**EXERCISE DETAILS:**
After finding the line that holds "Minecraft Green Cubes" below, set down that line and the rest through the final one exactly, leaving the pictures out.

**COLLECTED MATERIAL:**
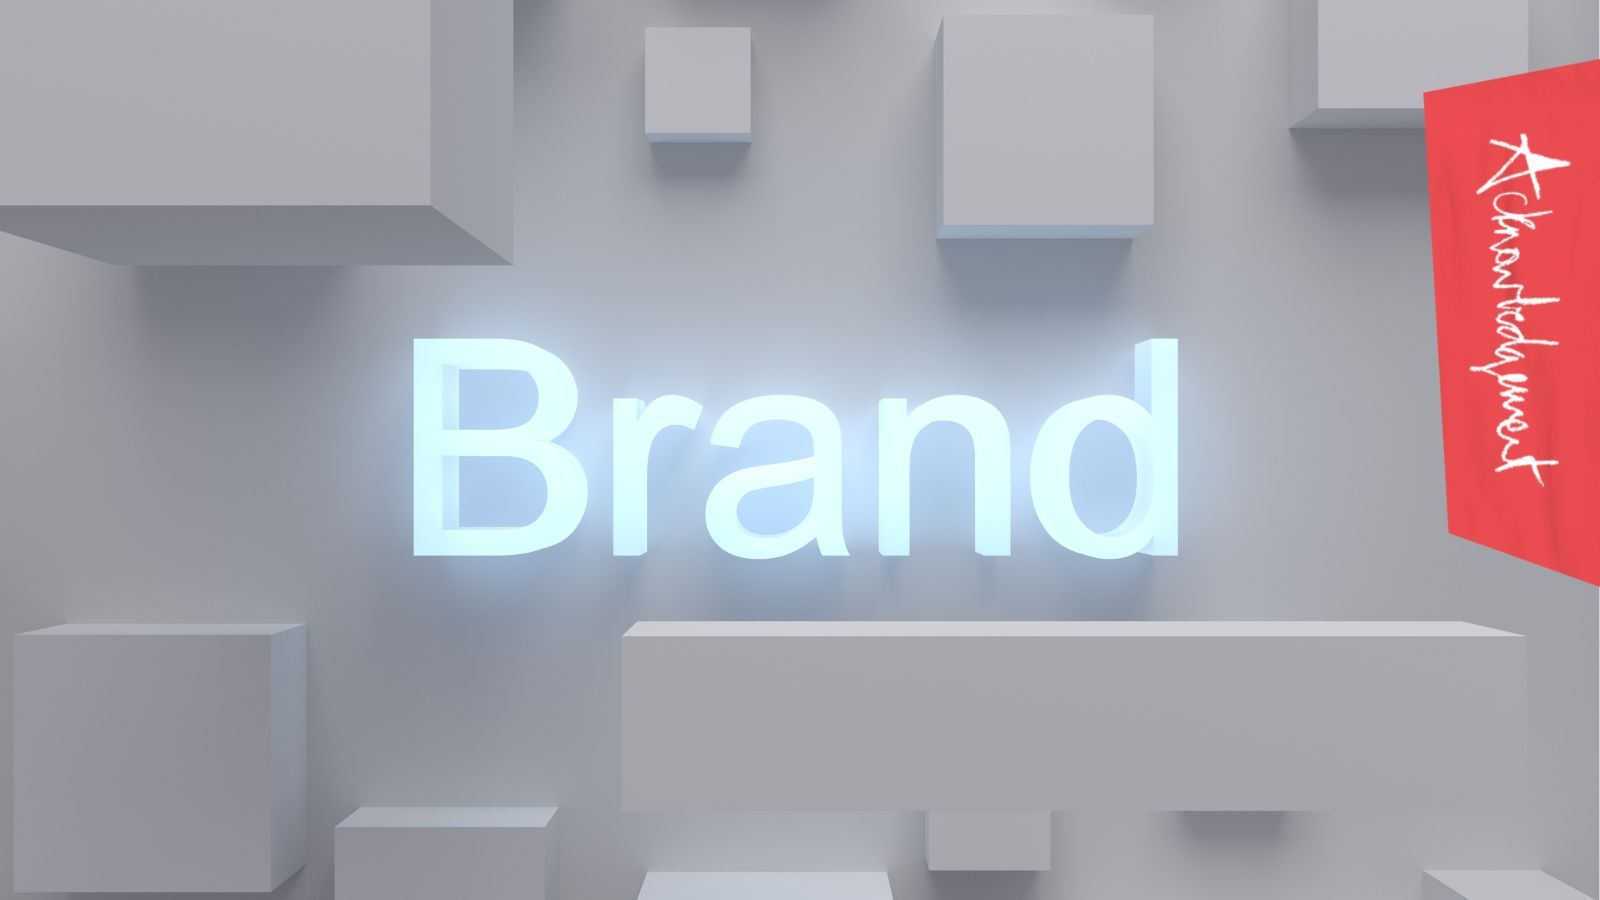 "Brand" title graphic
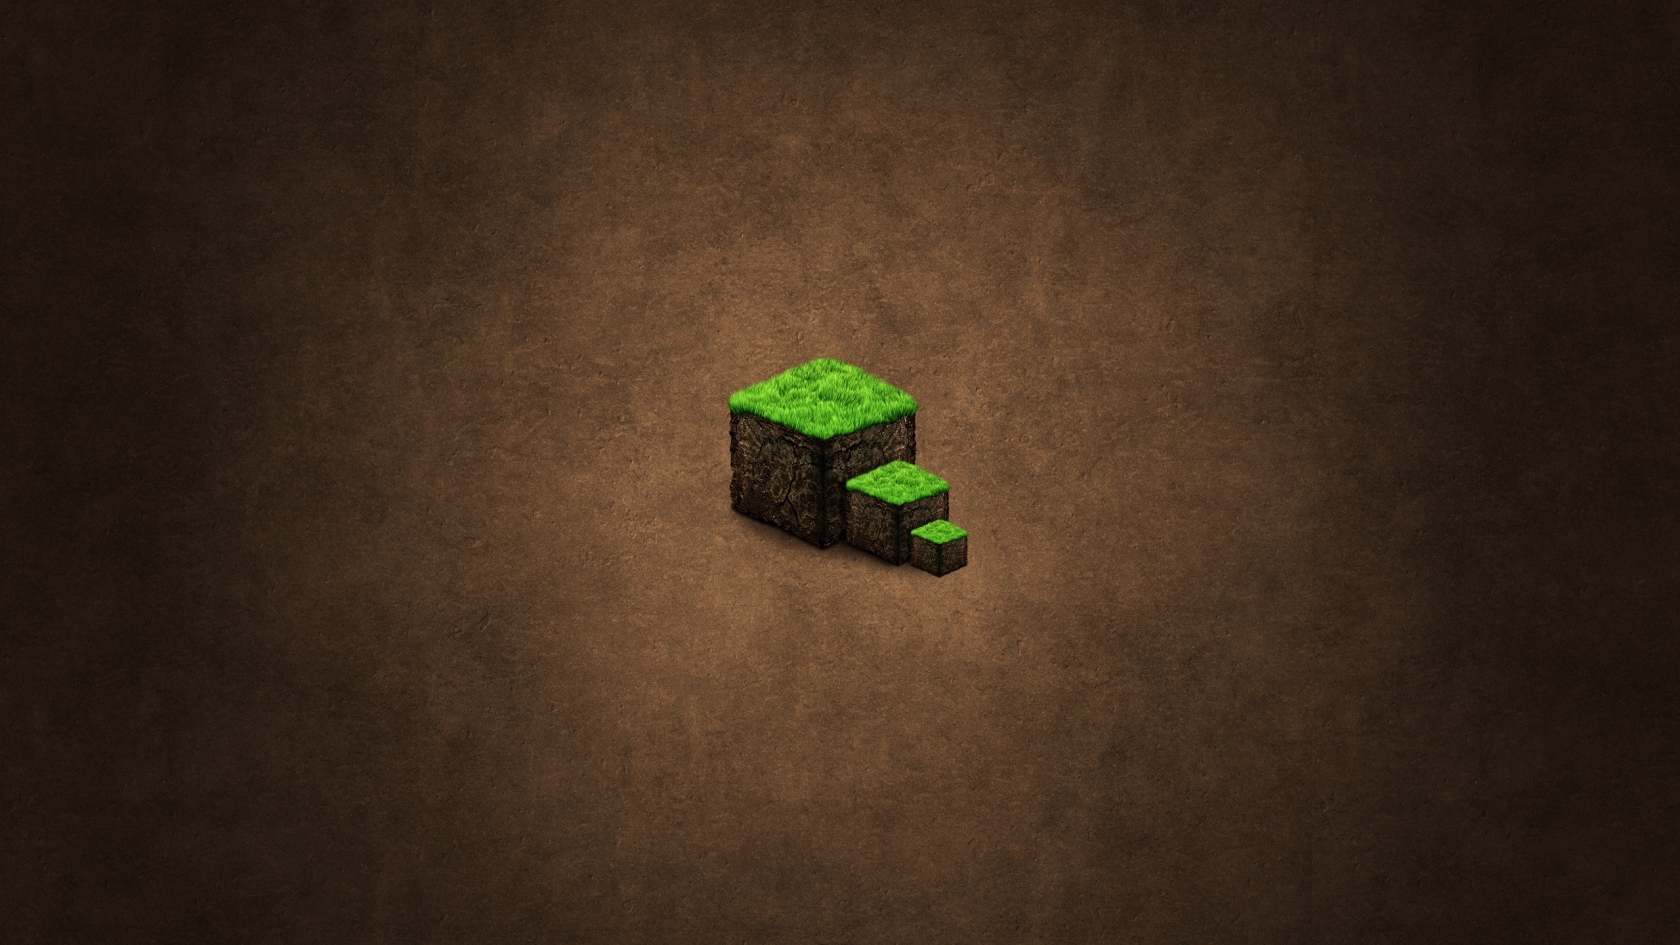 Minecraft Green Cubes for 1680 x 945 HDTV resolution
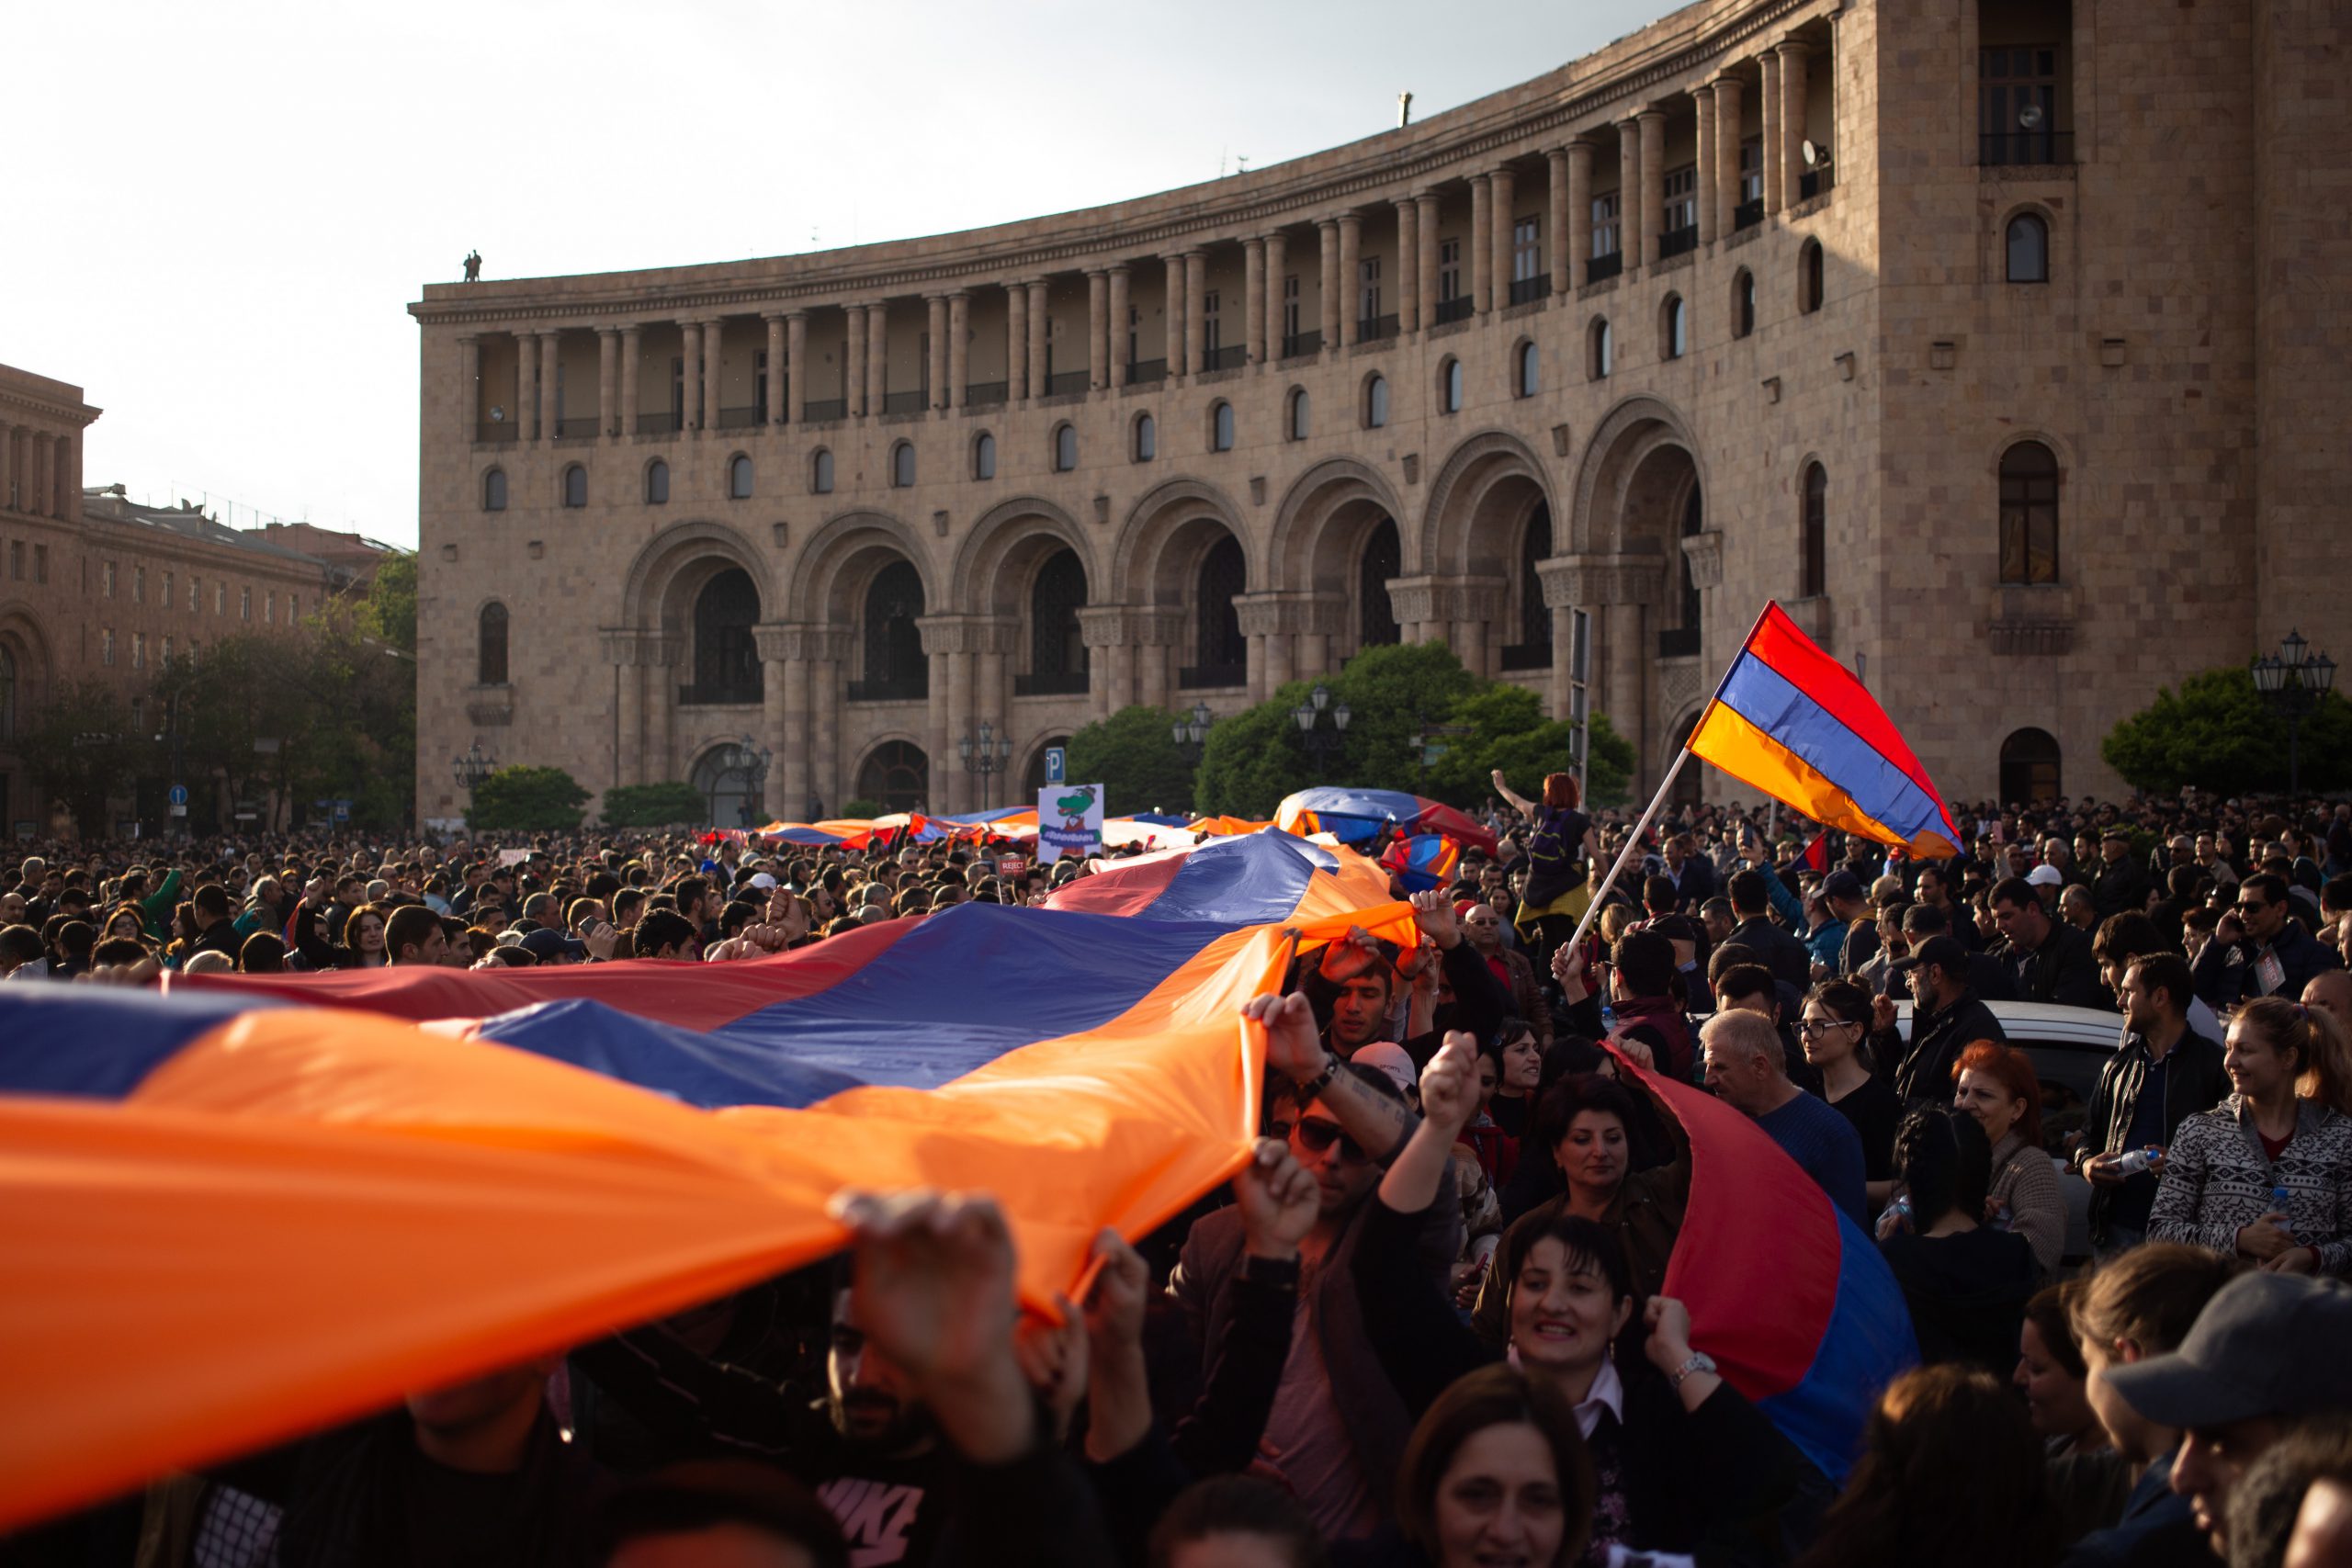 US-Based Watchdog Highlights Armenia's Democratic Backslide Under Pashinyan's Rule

**OUTPUT FOR THIS EXERCISE:**
 Minecraft Green Cubes for 1680 x 945 HDTV resolution
 US-Based Watchdog Highlights Armenia's Democratic Backslide Under Pashinyan's Rule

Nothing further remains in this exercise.